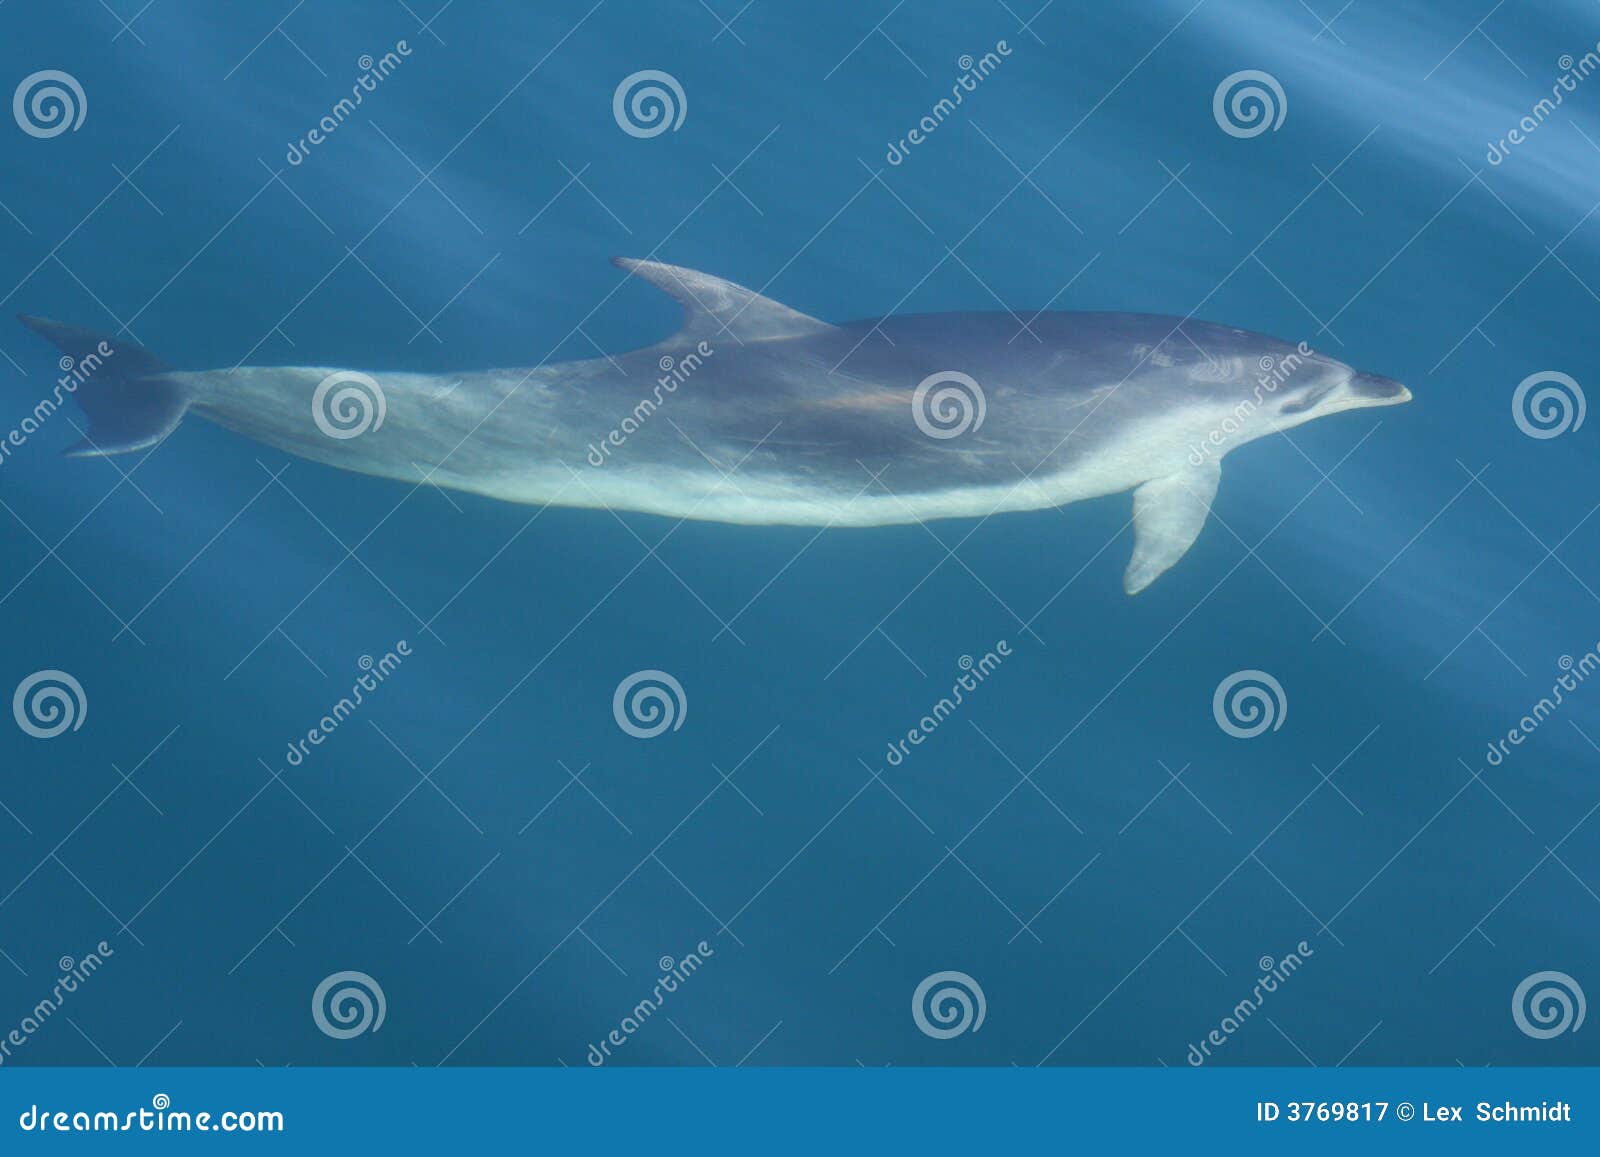 sleek dusky dolphin swimming
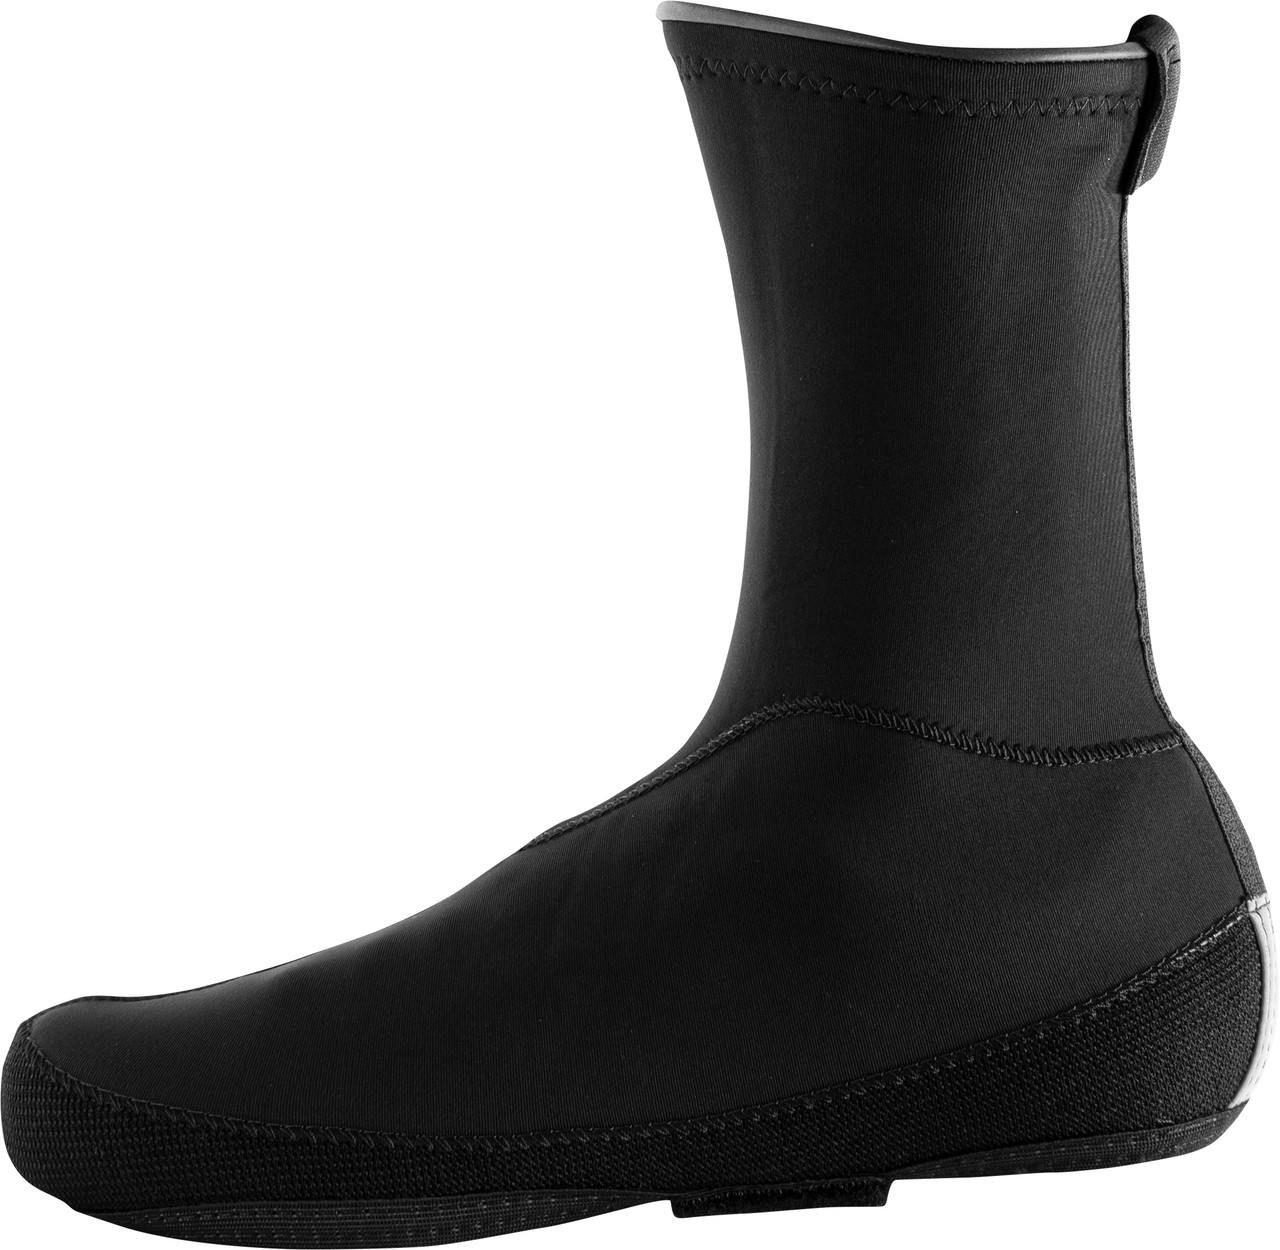 Couvre-chaussures Diluvio UL Noir/Noir
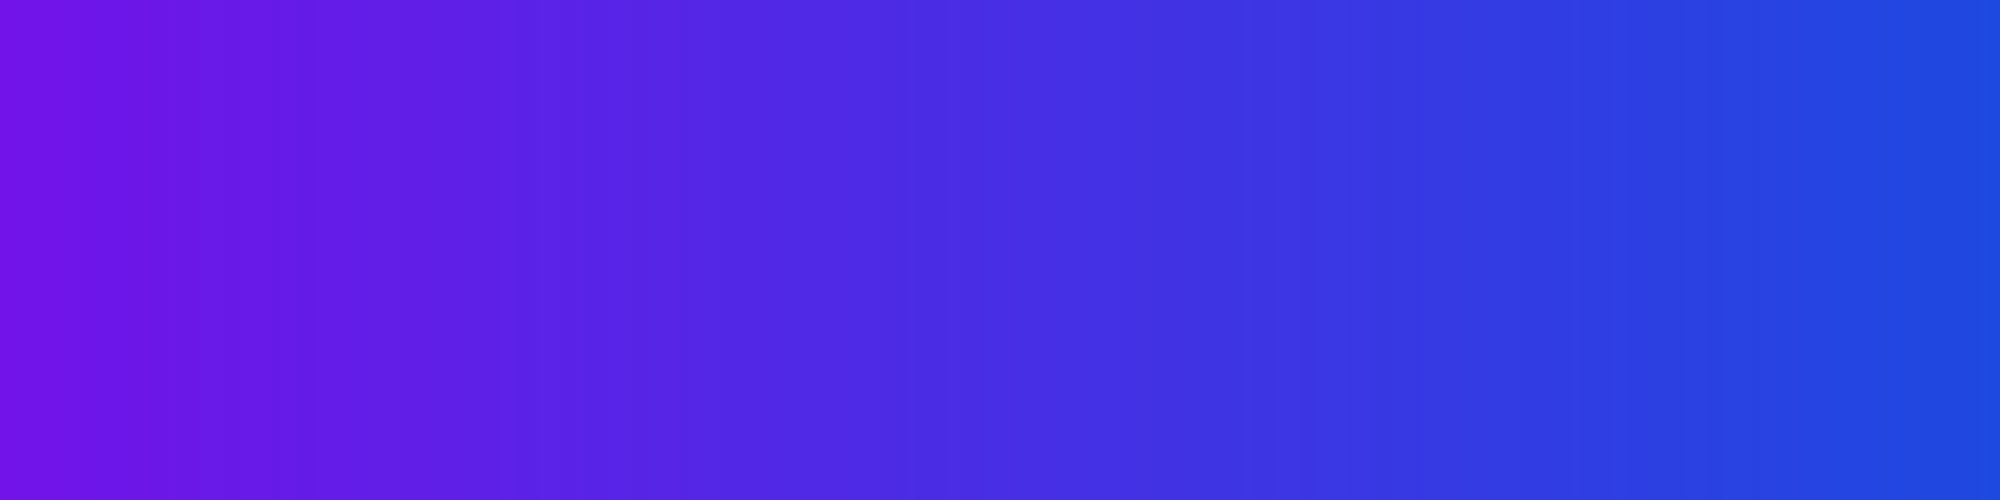 KPMG purple blue gradient
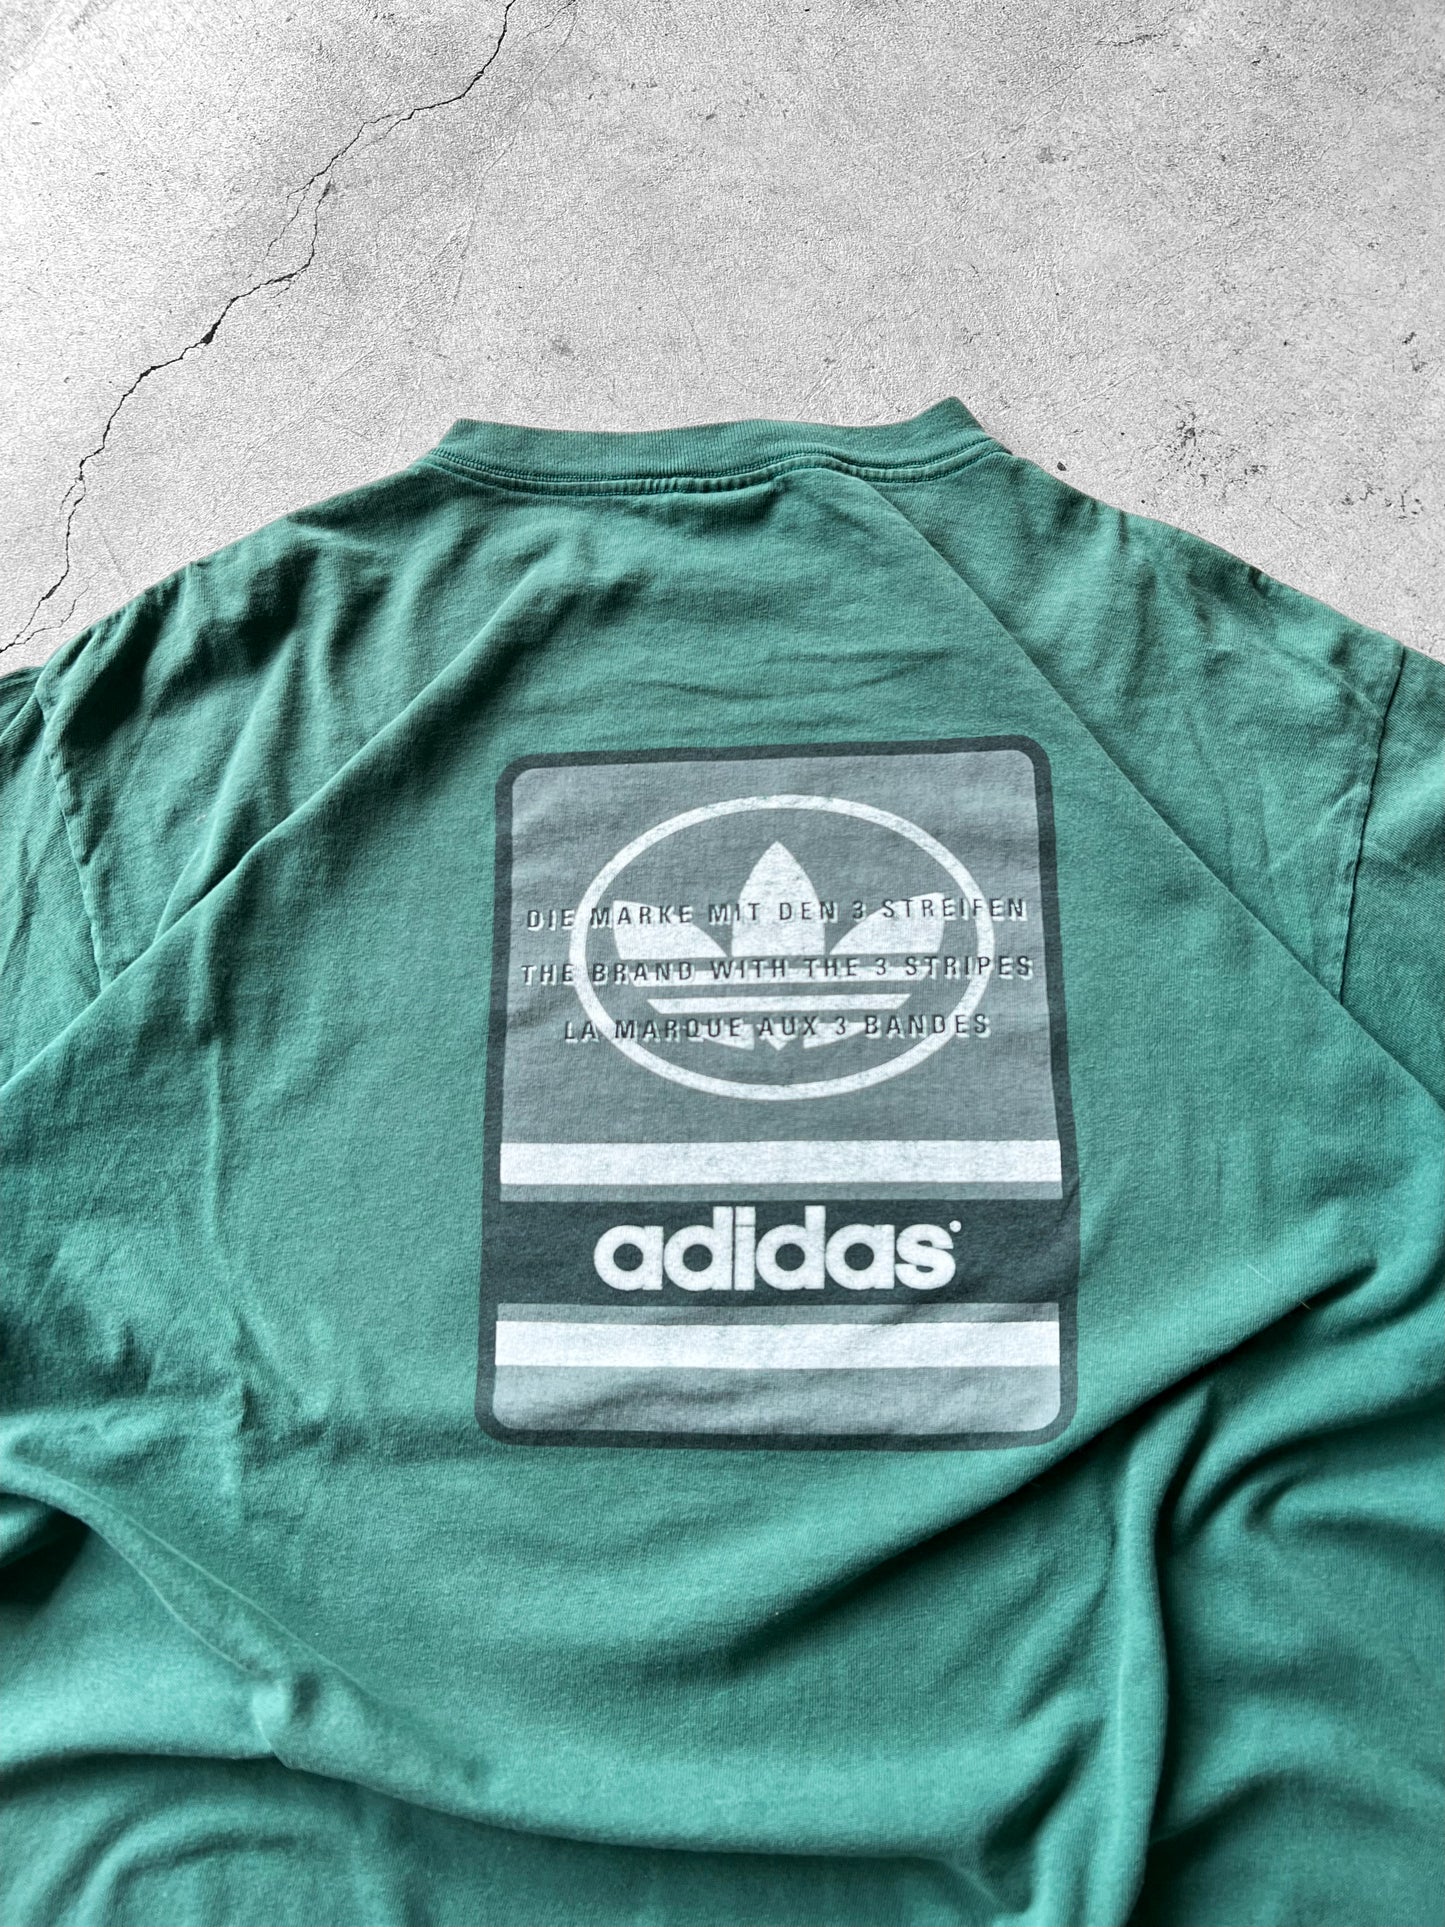 90’s Adidas Shirt - L

§ What you need to do
Copy out the data exactly and keep the pictures out.

§ Answer box
 sleek dusky dolphin swimming
 Couvre-chaussures Diluvio UL Noir/Noir
 KPMG purple blue gradient
 90’s Adidas Shirt - L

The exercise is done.